Warning: Cannot modify header information - headers already sent by (output started at /home/rachelsa/rise18.rachelsagnerbuurma.org/external/htmlpurifier-lite/library/HTMLPurifier.autoload.php:17) in /home/rachelsa/rise18.rachelsagnerbuurma.org/templates/default/shell.tpl.php on line 5

Warning: Cannot modify header information - headers already sent by (output started at /home/rachelsa/rise18.rachelsagnerbuurma.org/external/htmlpurifier-lite/library/HTMLPurifier.autoload.php:17) in /home/rachelsa/rise18.rachelsagnerbuurma.org/templates/default/shell.tpl.php on line 6
OCR-ing Tristram Shandy
Skip to main content

OCR-ing Tristram Shandy

3 min read

Cleaning the OCR'd text of my Tristram Shandy section wasn’t too difficult when I used find and replace. I learned that because databases like ECCO use OCR’d texts to power their search engine, searches are not going to be accurate if your word has an S in the middle or beginning of it. But you can try searching the archaic form of the word—so I’d have to try “worfhip” or “worlhip” (what my OCR’d text garbled it into) to find mentions of worship. If the OCR program analyzed the entire sentence rather than just single characters, machine learning could help predict what the right word should be – for example, it could make sure pronouns are spelled correctly because grammar dictates where they have to go; it could find words in the OCR’d text that aren’t in the dictionary and aren’t capitalized (so less likely to be pronouns); and it could use the placement of an “s” in a word to guess what word it should be.

 

Cleaned, OCR’d texts seem extremely helpful to me in increasing the accessibility of historically significant texts.

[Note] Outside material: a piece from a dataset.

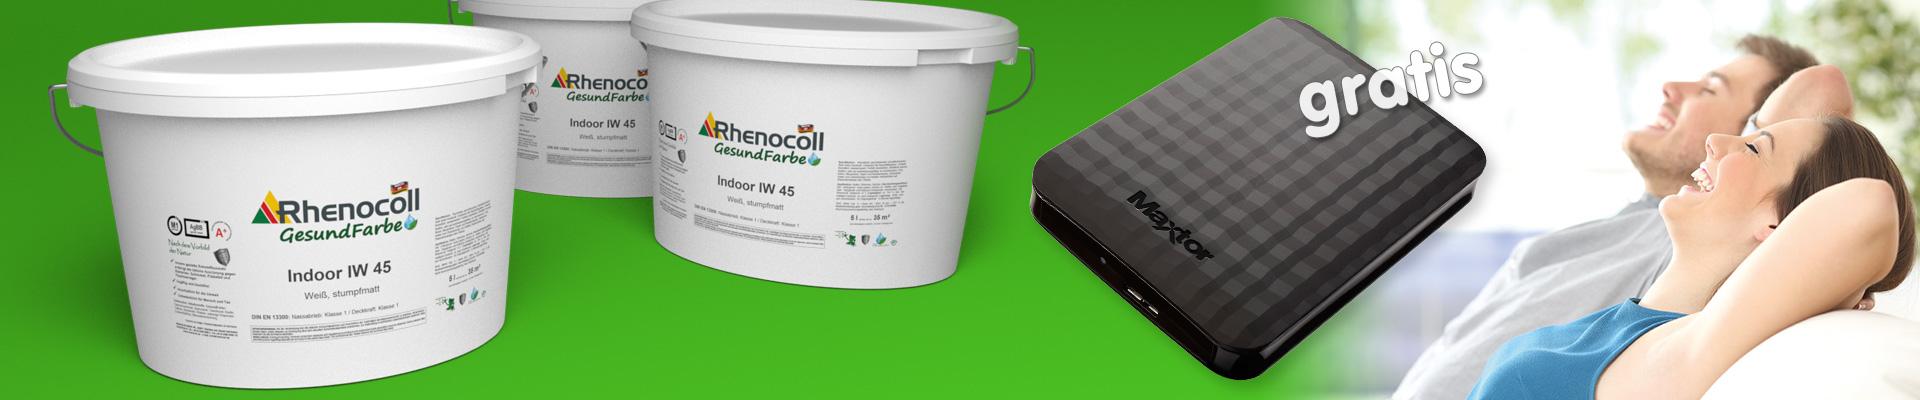 Rhenocoll IW 45 mit Festplatte

Even digital facsimiles aren’t helpful to the extent that they take forever (and a lot of paper, if you print them) to be able to read. To me, divorcing a text from the layout that its original readers engaged with significantly changes it. I’m a visual learner, so I remember the location of a word on a page when I read, which leads me to think that the layout is important because it shifts how we group different parts of the text and how we digest what we’re reading—especially with newspapers and paratexts.

And that’s why it’s hard for us to contextualize the proliferation of the novel and how it affected people; we don’t experience the difficulties of obtaining novels anymore. I think it’s important to consider how books used to be read: slowly, carefully, while turning many expensive pages. Perhaps people memorized while reading so they could recount it orally later, or read out loud. Authors couldn't easily edit content, either, like we can edit a Word document. Reading a book on a webpage as we do with Gutenberg Project texts makes it seem like a sea of words that goes on continuously, and we can get lost in it.